In working together with dedicated men and women from every walk of life, I hear their needs and know they only want to do the best for their families. This priest, among others, wants to convey a message that your presence here matters. The message that your presence makes Scripture come alive and makes the Eucharist an important, energizing force in all of our lives.

So thank you for making the effort to be here. Pope Francis says, “Family life, seen with the eyes of faith, shows itself to be worth more than the effort it requires. It is a masterpiece of simplicity and is beautiful precisely because it is not artificial, not fake." Let us continue to work together to build a strong Parish FAMILY here at Saint Theresa.



Father JC



Reflections - July 1, 2018

My Brothers and Sisters,

You may be aware that, in order to have my Reflections column appear in the Sunday bulletin, it has to be completed prior to the entire content of the bulletin being sent to the publisher early in the “week before” you receive the printed copy of the bulletin at Mass. So, I’m working on this particular Reflections on Monday June 25th from Albuquerque, New Mexico where Fr. JC and I have come to attend a National Assembly of US Catholic Priests as part of our continuing education/formation as encouraged by the Bishop. This is a bit of a preamble to giving you the context of why I’m choosing to share my thoughts on the daily Gospel of Monday of the Twelfth Week of Ordinary Time, since that passage is foremost on my mind as I write: Matthew 7:1-5.

The advice (command?) Jesus gives in these few verses challenges me, as I know I have a considerable amount of growth to accomplish in order to fully integrate this teaching into my life. It’s definitely a day-to-day discipline for me (and some days are “better” than others!).  Perhaps you feel a similar challenge as you hear these words: “Stop judging, that you may not be judged. For as you judge, so will you be judged, and the measure with which you measure will be measured out to you. Why do you notice the splinter in your brother's eye, but do not perceive the wooden beam in your own eye? How can you say to your brother, 'Let me remove that splinter from your eye,' while the wooden beam is in your eye? You hypocrite, remove the wooden beam from your eye first; then you will see clearly to remove the splinter from your brother's eye."

These are stinging words to me, as I realize how very easy it is for me to slip into judgmentalism:  whether it be about another’s physical appearance, their particular approach to practicing their Catholic faith, the appearance of their particular lifestyle and the choices that they make – of course, the list of things that can provoke me to be judgmental can go on and on. Maybe you can relate to this temptation! 

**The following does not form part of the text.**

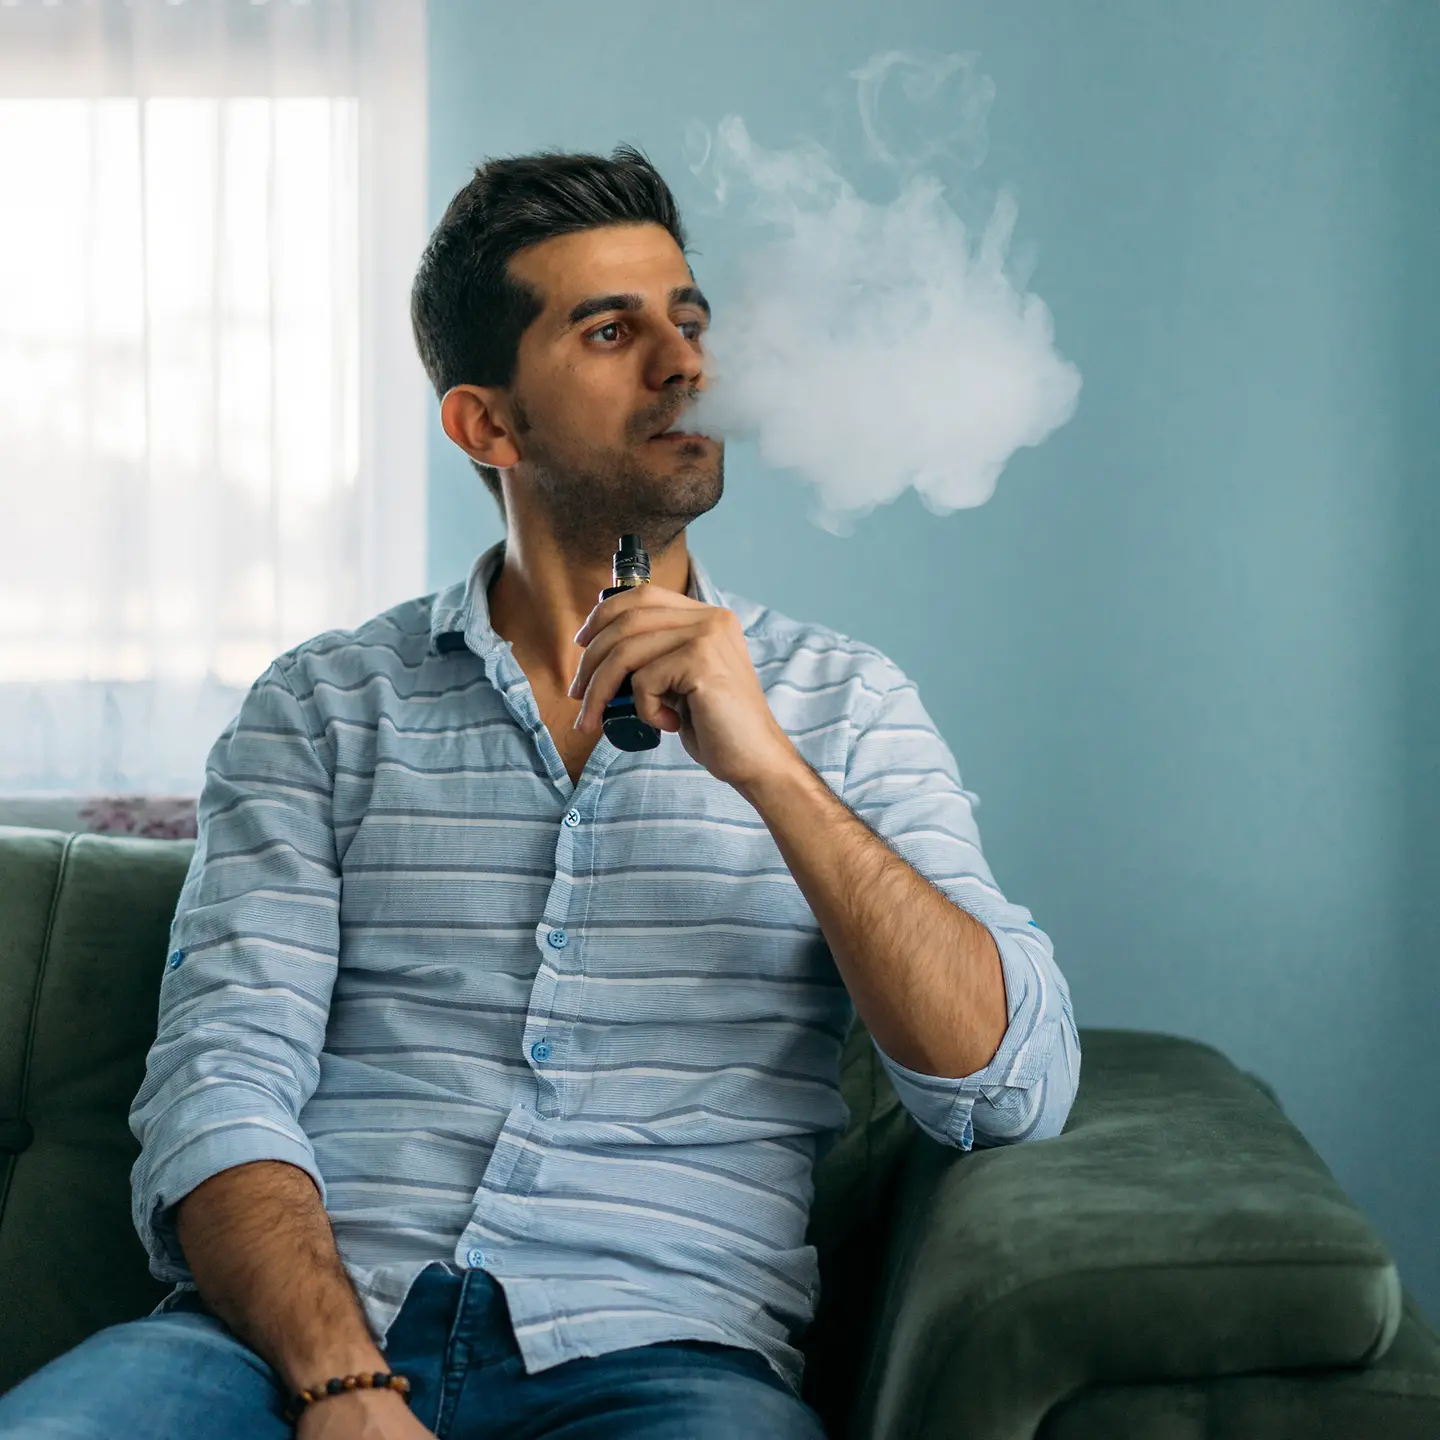 Ein Mann sitzt auf dem Sofa und raucht eine E-Zigarette.

Sometimes I have success in fighting this temptation (and approaching the ideal that Jesus calls his disciples to) when I consciously “catch” myself in the act of being judgmental. I internally tell myself to stop those judgmental thoughts, ask the Lord’s strength in being able to do so and then I ask God to bring blessing to the person I was just in the process of judging. For me, this helps… but it’s definitely a day-by-day process. The first step is to be aware that we’re actually being judgmental, and not just passively accept it as a norm of our daily activities.  Asking the Holy Spirit to help me to recognize those situations in which I tend to be judgmental has also been helpful to me.

In these coming weeks, as I take my annual vacation, you will have a little break from my Reflections column and will instead hear from Fr. JC and maybe Fr. Joachim. Know that I will be lifting you in prayer during my time away from the parish; please keep me in yours! May God continue to bring us – as Christ’s disciples – wisdom, grace and strength as we strive to put into practice and live the challenging teachings of our Lord and Master!